A Parser object processes the specified sgml files, and calls methods on a user defined Application object for each significant parsing event. The user defined Application object overrides the methods to react appropriately to these events (e.g. print back a modified sgml file, construct an abstract syntax tree...).
INTERFACEThese options define the behavior of the parser.SGML ; IMPORT Rd; TYPE ParserOptions = RECORD showOpenEntities, showOpenElements, outputCommentDecls, outputMarkedSections, outputGeneralEntities, mapCatalogDocument: BOOLEAN := FALSE; defaultDoctype: TEXT; addCatalog, includeParam, enableWarning, addSearchDir, activateLink, architecture: REF ARRAY OF TEXT := NIL; END;
ShowOpenEntities and showOpenElements produce information about
the corresponding entity and element when parsing error messages are
issued. OutputCommentDecls, outputMarkedSections and
outputGeneralEntities determine if the parser produces events
when these SGML constructs are encountered.
DefaultDoctype specifies the document type definition to use when
no DOCTYPE tag is found.
AddCatalog adds the specified file names as SGML DTD catalogs.
IncludeParam defines the specified names as parameter entities
set to INCLUDE (ENTITY % param INCLUDE); this way, sections
of sgml files which were IGNORE by default may be changed to
INCLUDE just by setting this option. EnableWarning enables the
named warnings: mixed mixed content model which does not allow #PCDATA,
sgmldecl dubious constructs in SGML declarations,
should non followed ISO 8879 recommendations,
default defaulted references,
duplicate duplicate entity declarations,
undefined undefined elements used in the DTD,
unclosed unclosed start and end tags,
empty empty start and end tags, net net-enabling start and end tags,
min-tag minimized start and end tags (equivalent to unclosed, empty
and net), unused-map defined but unused short reference maps,
unused-param defined but unused parameter entities,
notation-sysid notation for which no system identifier could be
generated, all equivalent to all the above,
no-idref do not warn about unresolved references, no-significant
do not warn about non significant characters in literals.
Parser <: ParserPublic;
ParserPublic = OBJECT METHODS
init(options: ParserOptions; programName: TEXT;
files: REF ARRAY OF TEXT; rds: REF ARRAY OF Rd.T := NIL): Parser;
run(a: Application): CARDINAL;
halt();
inhibitMessages(inhibit: BOOLEAN);
subdocumentParser(systemId: TEXT): Parser;
newParser(files: REF ARRAY OF TEXT; rds: REF ARRAY OF Rd.T := NIL):
Parser;
END;
The call p.init(o,p,f,r) initializes a parser with options o,
program name p (used in error messages), and f the array of names
of files to be parsed. When r is not specified, files from f are
opened. Otherwise, f is used for file names but the actual input is
taken from the readers in r.
The call p.run(a) starts parsing the files and calls back the
Application object a for each parsing event. It returns the number
of errors encountered once the parsing is through.

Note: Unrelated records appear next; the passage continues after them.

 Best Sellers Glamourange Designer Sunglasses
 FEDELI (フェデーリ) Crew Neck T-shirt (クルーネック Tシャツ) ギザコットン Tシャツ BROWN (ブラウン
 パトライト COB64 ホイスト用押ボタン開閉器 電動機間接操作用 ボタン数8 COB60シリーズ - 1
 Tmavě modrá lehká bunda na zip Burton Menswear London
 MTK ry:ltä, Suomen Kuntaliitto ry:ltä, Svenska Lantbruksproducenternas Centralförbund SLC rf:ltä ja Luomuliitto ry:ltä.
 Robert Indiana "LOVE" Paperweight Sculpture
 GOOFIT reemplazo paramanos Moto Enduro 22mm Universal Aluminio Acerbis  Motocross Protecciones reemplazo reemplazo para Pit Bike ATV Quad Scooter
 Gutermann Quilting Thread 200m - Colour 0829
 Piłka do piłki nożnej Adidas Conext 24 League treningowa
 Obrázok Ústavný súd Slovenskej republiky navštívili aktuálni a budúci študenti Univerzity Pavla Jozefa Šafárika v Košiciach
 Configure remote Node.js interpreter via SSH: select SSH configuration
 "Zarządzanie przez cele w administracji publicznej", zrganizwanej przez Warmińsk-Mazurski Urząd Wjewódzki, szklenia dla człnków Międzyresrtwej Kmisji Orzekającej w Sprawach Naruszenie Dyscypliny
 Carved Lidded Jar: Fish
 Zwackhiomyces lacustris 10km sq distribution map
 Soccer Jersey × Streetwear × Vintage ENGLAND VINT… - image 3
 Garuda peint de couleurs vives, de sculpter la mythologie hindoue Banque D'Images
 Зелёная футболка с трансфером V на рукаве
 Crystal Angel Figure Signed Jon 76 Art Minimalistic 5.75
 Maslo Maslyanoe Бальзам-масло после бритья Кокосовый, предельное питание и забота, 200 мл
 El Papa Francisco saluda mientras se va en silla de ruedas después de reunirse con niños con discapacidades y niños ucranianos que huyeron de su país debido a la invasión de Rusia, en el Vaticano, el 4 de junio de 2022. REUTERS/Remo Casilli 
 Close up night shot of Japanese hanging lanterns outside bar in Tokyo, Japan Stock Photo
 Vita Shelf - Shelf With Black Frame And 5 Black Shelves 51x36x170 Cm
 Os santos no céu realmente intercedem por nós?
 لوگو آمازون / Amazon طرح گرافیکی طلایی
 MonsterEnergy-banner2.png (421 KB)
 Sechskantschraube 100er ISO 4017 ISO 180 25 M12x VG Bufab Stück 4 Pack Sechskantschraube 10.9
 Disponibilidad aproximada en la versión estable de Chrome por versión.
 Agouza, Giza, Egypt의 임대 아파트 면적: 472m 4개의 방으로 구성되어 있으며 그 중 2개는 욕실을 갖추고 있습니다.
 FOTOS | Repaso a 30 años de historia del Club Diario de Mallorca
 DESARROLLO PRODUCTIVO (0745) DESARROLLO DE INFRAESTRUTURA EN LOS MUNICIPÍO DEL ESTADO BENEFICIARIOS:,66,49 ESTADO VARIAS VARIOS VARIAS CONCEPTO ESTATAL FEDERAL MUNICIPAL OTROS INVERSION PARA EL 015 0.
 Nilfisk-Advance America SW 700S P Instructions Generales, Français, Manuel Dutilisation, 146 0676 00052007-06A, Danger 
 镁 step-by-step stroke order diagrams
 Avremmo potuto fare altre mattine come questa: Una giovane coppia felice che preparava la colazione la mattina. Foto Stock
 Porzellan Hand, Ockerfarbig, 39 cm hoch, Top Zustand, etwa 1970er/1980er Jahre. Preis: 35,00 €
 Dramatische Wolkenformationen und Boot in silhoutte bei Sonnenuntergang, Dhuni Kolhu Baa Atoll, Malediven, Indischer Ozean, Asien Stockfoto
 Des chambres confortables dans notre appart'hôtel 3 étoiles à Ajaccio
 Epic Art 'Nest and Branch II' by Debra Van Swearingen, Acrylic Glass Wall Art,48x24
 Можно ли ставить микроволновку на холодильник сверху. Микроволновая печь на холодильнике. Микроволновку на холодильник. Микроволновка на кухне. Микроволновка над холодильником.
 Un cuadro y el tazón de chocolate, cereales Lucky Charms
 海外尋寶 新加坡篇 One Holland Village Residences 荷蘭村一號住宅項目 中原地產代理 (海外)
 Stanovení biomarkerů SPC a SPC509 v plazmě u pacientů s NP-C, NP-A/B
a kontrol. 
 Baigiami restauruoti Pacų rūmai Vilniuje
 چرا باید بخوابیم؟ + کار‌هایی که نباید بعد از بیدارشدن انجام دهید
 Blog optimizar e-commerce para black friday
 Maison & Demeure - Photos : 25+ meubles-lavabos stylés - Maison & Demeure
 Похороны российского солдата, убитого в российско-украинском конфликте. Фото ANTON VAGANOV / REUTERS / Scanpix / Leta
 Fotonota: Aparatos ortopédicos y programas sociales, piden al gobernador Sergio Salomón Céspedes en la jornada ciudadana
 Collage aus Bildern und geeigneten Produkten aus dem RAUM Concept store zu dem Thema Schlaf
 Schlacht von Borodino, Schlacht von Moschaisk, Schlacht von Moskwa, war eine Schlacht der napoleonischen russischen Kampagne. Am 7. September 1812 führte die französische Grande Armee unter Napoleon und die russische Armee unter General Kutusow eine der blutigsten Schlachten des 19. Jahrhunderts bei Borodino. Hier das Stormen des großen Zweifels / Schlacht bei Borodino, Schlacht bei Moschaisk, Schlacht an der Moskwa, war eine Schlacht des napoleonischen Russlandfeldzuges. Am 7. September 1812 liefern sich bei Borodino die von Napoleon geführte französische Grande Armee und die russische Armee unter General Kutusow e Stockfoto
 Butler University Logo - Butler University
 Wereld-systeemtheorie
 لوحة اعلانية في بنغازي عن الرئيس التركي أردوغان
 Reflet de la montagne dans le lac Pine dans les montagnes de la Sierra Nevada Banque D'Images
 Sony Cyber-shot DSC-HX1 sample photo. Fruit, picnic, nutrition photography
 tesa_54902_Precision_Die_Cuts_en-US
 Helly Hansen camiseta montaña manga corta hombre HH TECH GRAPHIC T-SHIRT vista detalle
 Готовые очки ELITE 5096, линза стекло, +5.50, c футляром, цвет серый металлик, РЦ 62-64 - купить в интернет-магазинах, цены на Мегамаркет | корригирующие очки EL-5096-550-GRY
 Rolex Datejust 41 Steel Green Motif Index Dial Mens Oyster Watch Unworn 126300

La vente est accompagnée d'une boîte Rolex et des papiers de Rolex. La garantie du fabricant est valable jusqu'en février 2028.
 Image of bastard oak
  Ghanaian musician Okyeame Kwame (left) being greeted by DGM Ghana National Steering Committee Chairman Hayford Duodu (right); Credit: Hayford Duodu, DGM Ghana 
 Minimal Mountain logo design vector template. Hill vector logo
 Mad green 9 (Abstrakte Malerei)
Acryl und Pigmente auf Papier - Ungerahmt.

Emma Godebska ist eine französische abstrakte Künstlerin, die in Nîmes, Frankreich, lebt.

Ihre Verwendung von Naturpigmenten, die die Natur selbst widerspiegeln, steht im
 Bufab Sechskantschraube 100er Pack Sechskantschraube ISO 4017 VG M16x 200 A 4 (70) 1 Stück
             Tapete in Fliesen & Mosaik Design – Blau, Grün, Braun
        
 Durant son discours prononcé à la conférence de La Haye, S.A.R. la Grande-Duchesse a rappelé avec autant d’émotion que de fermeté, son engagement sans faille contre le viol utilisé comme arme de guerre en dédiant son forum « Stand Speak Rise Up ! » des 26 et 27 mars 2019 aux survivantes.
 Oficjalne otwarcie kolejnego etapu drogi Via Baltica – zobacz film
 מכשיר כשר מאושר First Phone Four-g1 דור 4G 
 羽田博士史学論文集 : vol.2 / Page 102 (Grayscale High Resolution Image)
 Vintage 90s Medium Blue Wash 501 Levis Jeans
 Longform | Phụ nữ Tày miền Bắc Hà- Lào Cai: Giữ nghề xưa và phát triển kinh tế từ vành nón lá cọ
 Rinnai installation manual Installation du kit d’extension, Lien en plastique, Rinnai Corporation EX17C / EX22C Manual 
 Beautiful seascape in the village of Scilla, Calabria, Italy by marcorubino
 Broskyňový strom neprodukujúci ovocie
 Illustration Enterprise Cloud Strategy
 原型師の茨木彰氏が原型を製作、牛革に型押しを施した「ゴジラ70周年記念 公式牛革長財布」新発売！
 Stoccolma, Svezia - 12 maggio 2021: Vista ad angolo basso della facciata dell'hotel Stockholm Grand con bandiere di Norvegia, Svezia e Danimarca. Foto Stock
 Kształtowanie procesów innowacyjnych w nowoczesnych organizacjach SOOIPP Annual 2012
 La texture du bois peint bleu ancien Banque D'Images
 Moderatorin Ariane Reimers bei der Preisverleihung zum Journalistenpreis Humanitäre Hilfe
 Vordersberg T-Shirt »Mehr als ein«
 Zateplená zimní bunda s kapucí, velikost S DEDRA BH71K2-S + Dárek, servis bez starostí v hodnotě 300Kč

The call p.halt() stops the parsing, causing the run method to return.
It is usually called from one the the Application object methods.
The call p.inhibitMessages(b) disables error and warning messages when
b is TRUE.
The call p.subdocumentParser(s) creates a new parser ready to process
s which identifies a subdocument in the context of the file currently
parsed by p.
The call p.newParser(f,r) returns a parser using the same options as
p but ready to process a new set of files defined by f and r.
Since the options are the same (catalog name, search paths...), caching
of parsed document type definitions may occur for a significant speedup.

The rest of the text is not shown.